This intention has proved beyond the capacity of the Department to deliver and the Department is no longer delivering a universal system. Implementation of alternative up- to-date IT systems has fallen significantly behind schedule and costs have escalated. The Department could have avoided some of the pitfalls and waste if they had consulted at the start of the process with health professionals. The Department has failed to demonstrate the benefits achieved for the £2.7bn spent to date on care records systems.
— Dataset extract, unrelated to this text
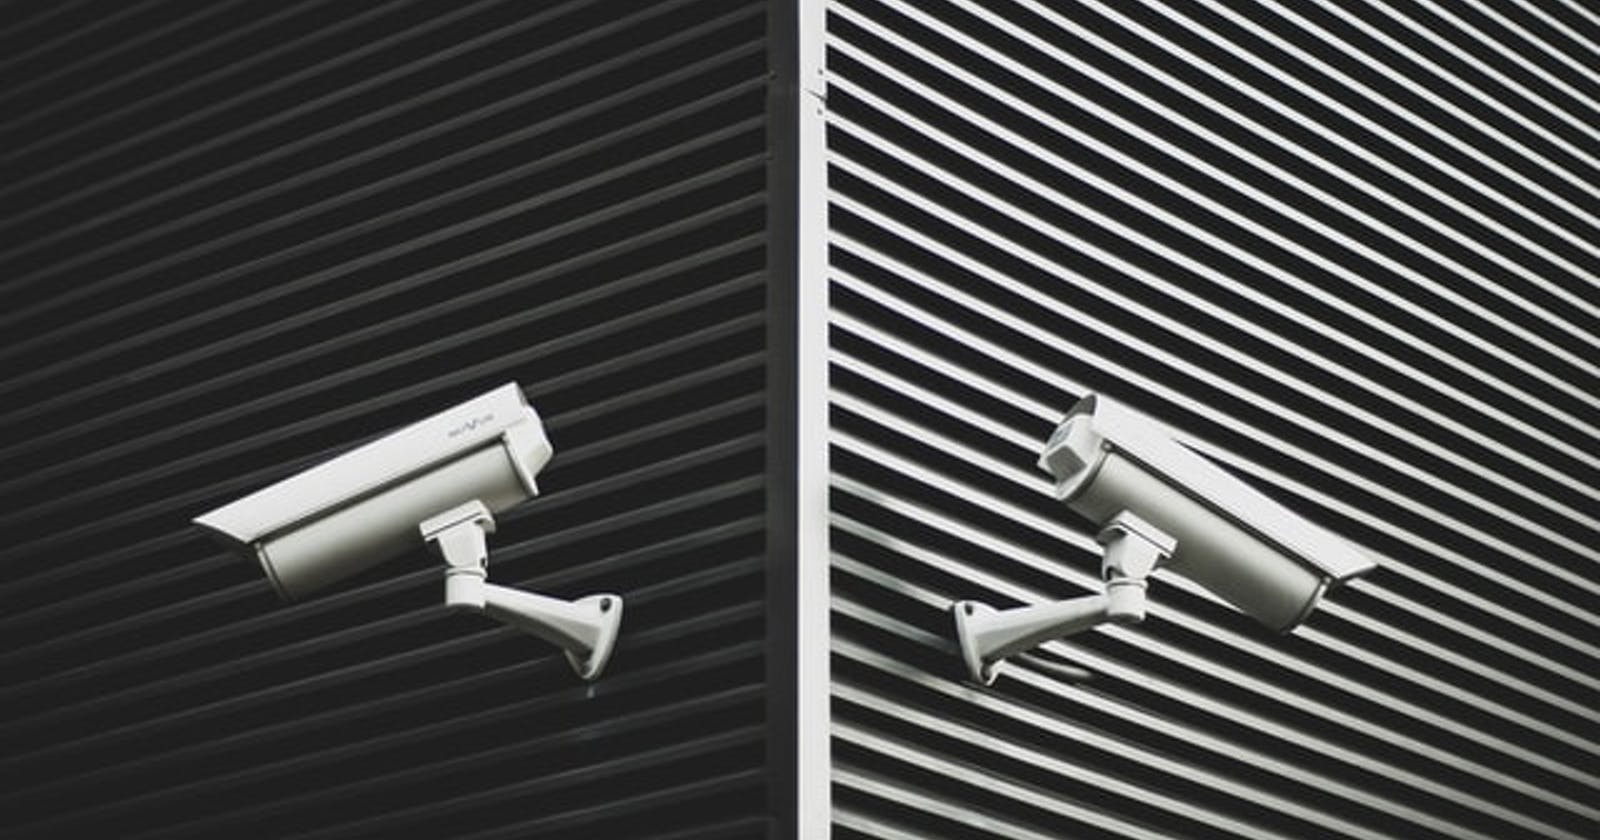 5 Ways of Mitigating Open Source Security Vulnerabilities
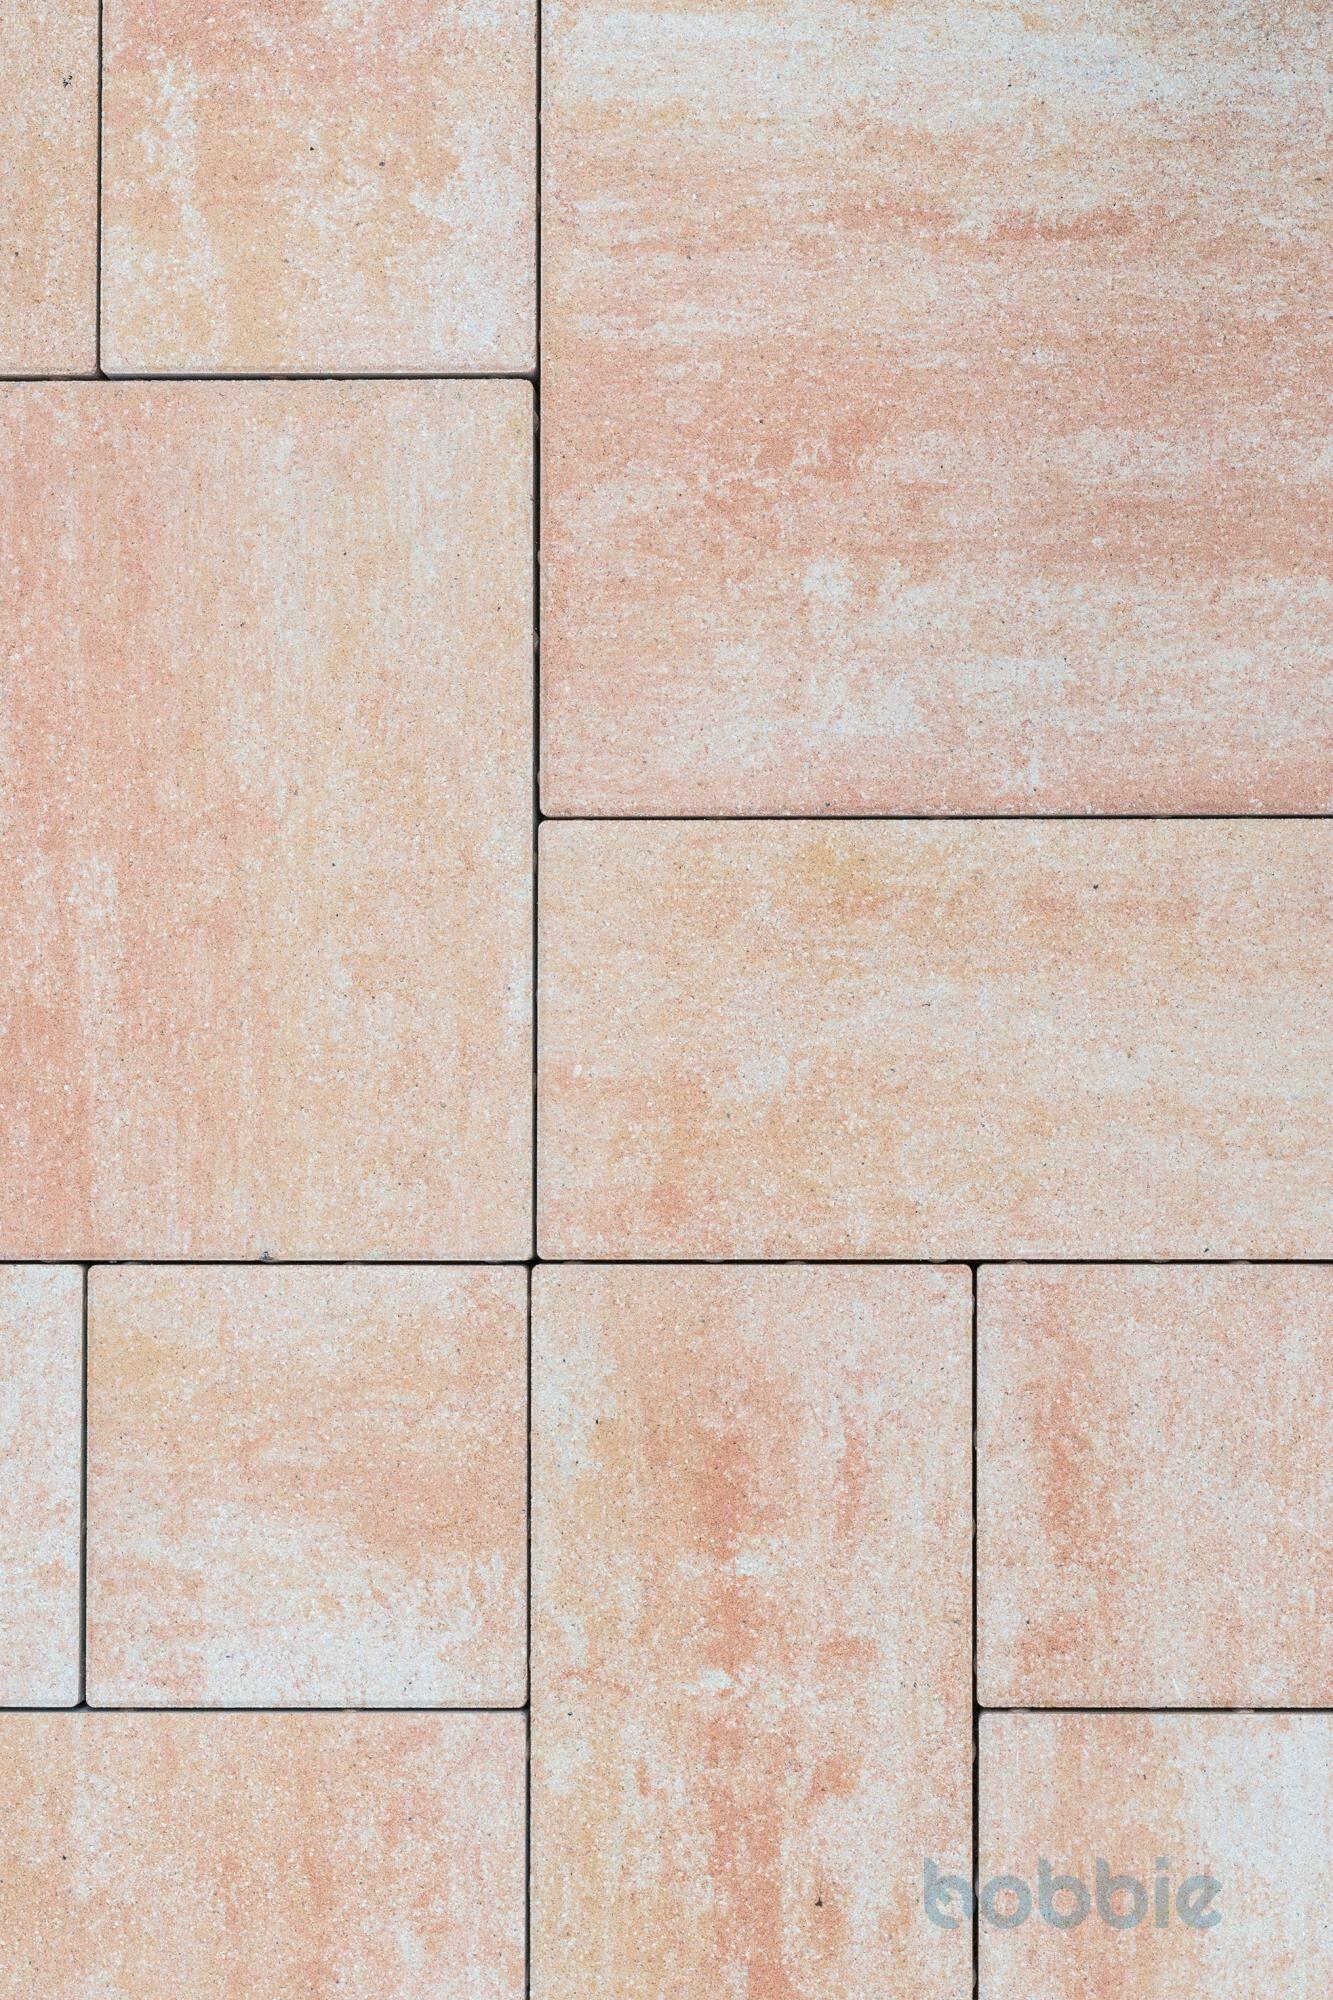 DIEPHAUS Terrassenplatte DIORA SANDSTEIN MEHRFORMAT PE3

The introduction of water charges will surely be an opportunity for behavioural economics. For now the default assumption is that when you turn on the tap, it’s “free.” Clearly moving to charges is a hot potato but the it’s rare there’s an opportunity to move from no pricing scheme at all to different types of scheme.

Another behavioural nudge would be to have a policy of ministers and senior civil servants not driving past ATMs on their way to important banking policy meetings.

WTF does Mr Finfacts’ citation of some pop-psychological nonsense about “victim syndrome” have to do with:

1) whatever he’s trying to say about the public sector in Ireland;
2) the topic of this blog post?

The correct answers are “nothing” and “nothing.”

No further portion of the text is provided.